Identify the ClusterIP and port of your router Service created by the chart (name may vary):
kubectl get svc vllm-router-service
# Note the router service ClusterIP and port (e.g., 10.97.254.122:80)
Step 2: Deploy vLLM Semantic Router and point it at your vLLM router Service​
Follow the official guide from the official website with the updated config file as the following: Install in Kubernetes.

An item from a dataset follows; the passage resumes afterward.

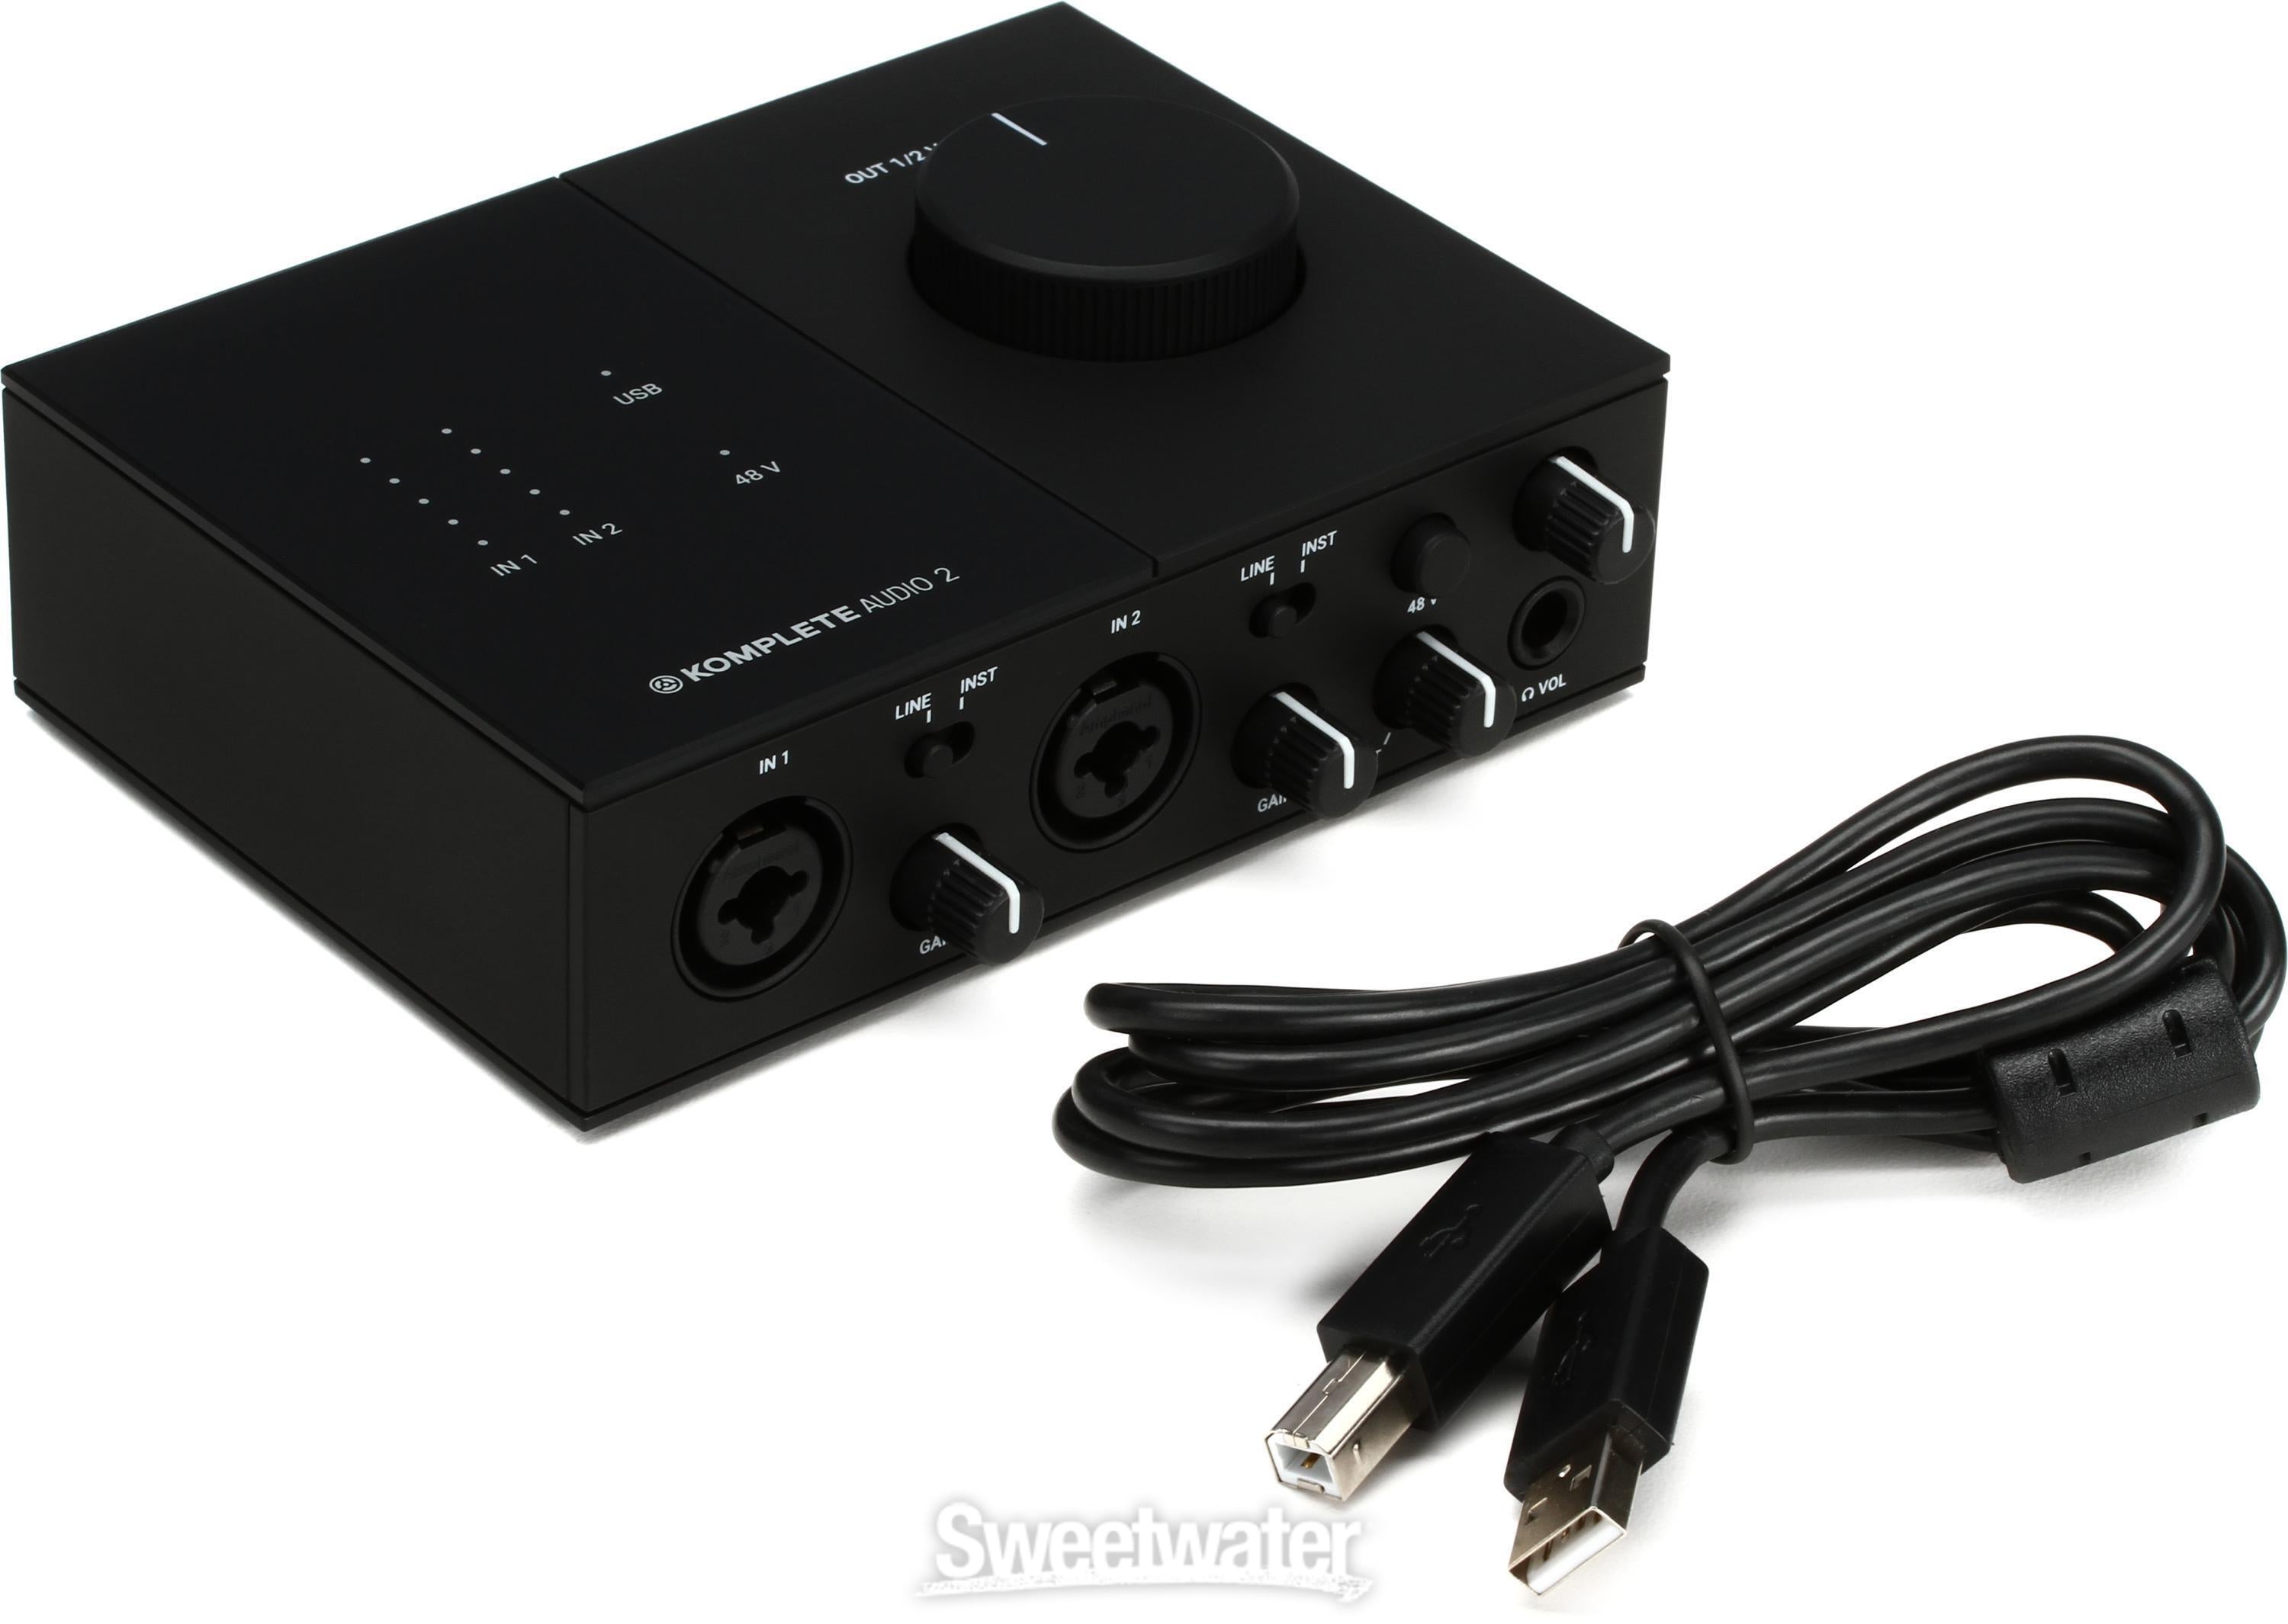 Komplete Audio 2 USB Audio Interface - Sweetwater

Minimal sequence (same as the guide):
# Deploy vLLM Semantic Router manifests
kubectl apply -k deploy/kubernetes/ai-gateway/semantic-router
kubectl wait --for=condition=Available deployment/semantic-router \
-n vllm-semantic-router-system --timeout=600s
# Install Envoy Gateway
helm upgrade -i eg oci://docker.io/envoyproxy/gateway-helm \
--version v0.0.0-latest \
--namespace envoy-gateway-system \
--create-namespace \
-f https://raw.githubusercontent.com/envoyproxy/ai-gateway/main/manifests/envoy-gateway-values.yaml
# Install Envoy AI Gateway
helm upgrade -i aieg oci://docker.io/envoyproxy/ai-gateway-helm \
--version v0.0.0-latest \
--namespace envoy-ai-gateway-system \
--create-namespace
# Install Envoy AI Gateway CRDs
helm upgrade -i aieg-crd oci://docker.io/envoyproxy/ai-gateway-crds-helm --version v0.0.0-latest --namespace envoy-ai-gateway-system
kubectl wait --timeout=300s -n envoy-ai-gateway-system \
deployment/ai-gateway-controller --for=condition=Available
Create LLM Demo Backends and AI Gateway Routes:
# Apply LLM demo backends
kubectl apply -f deploy/kubernetes/ai-gateway/aigw-resources/base-model.yaml
# Apply AI Gateway routes
kubectl apply -f deploy/kubernetes/ai-gateway/aigw-resources/gwapi-resources.yaml
Step 3: Test the deployment​
Port-forward to the Envoy service and send a test request, following the guide:
export ENVOY_SERVICE=$(kubectl get svc -n envoy-gateway-system \
--selector=gateway.envoyproxy.io/owning-gateway-namespace=default,gateway.envoyproxy.io/owning-gateway-name=semantic-router \
-o jsonpath='{.items[0].metadata.name}')
kubectl port-forward -n envoy-gateway-system svc/$ENVOY_SERVICE 8080:80
Send a chat completions request:
curl -i -X POST http://localhost:8080/v1/chat/completions \
-H "Content-Type: application/json" \
-d '{
"model": "MoM",
"messages": [
{"role": "user", "content": "What is the derivative of f(x) = x^3?"}
]
}'
Troubleshooting​
- If the gateway is not accessible, check the Gateway and Envoy service per the guide.
- If the inference pool is not ready,
kubectl describetheInferencePooland check controller logs. - If the semantic router is not responding, check its pod status and logs.
- If it is returning error code, check the production stack router log.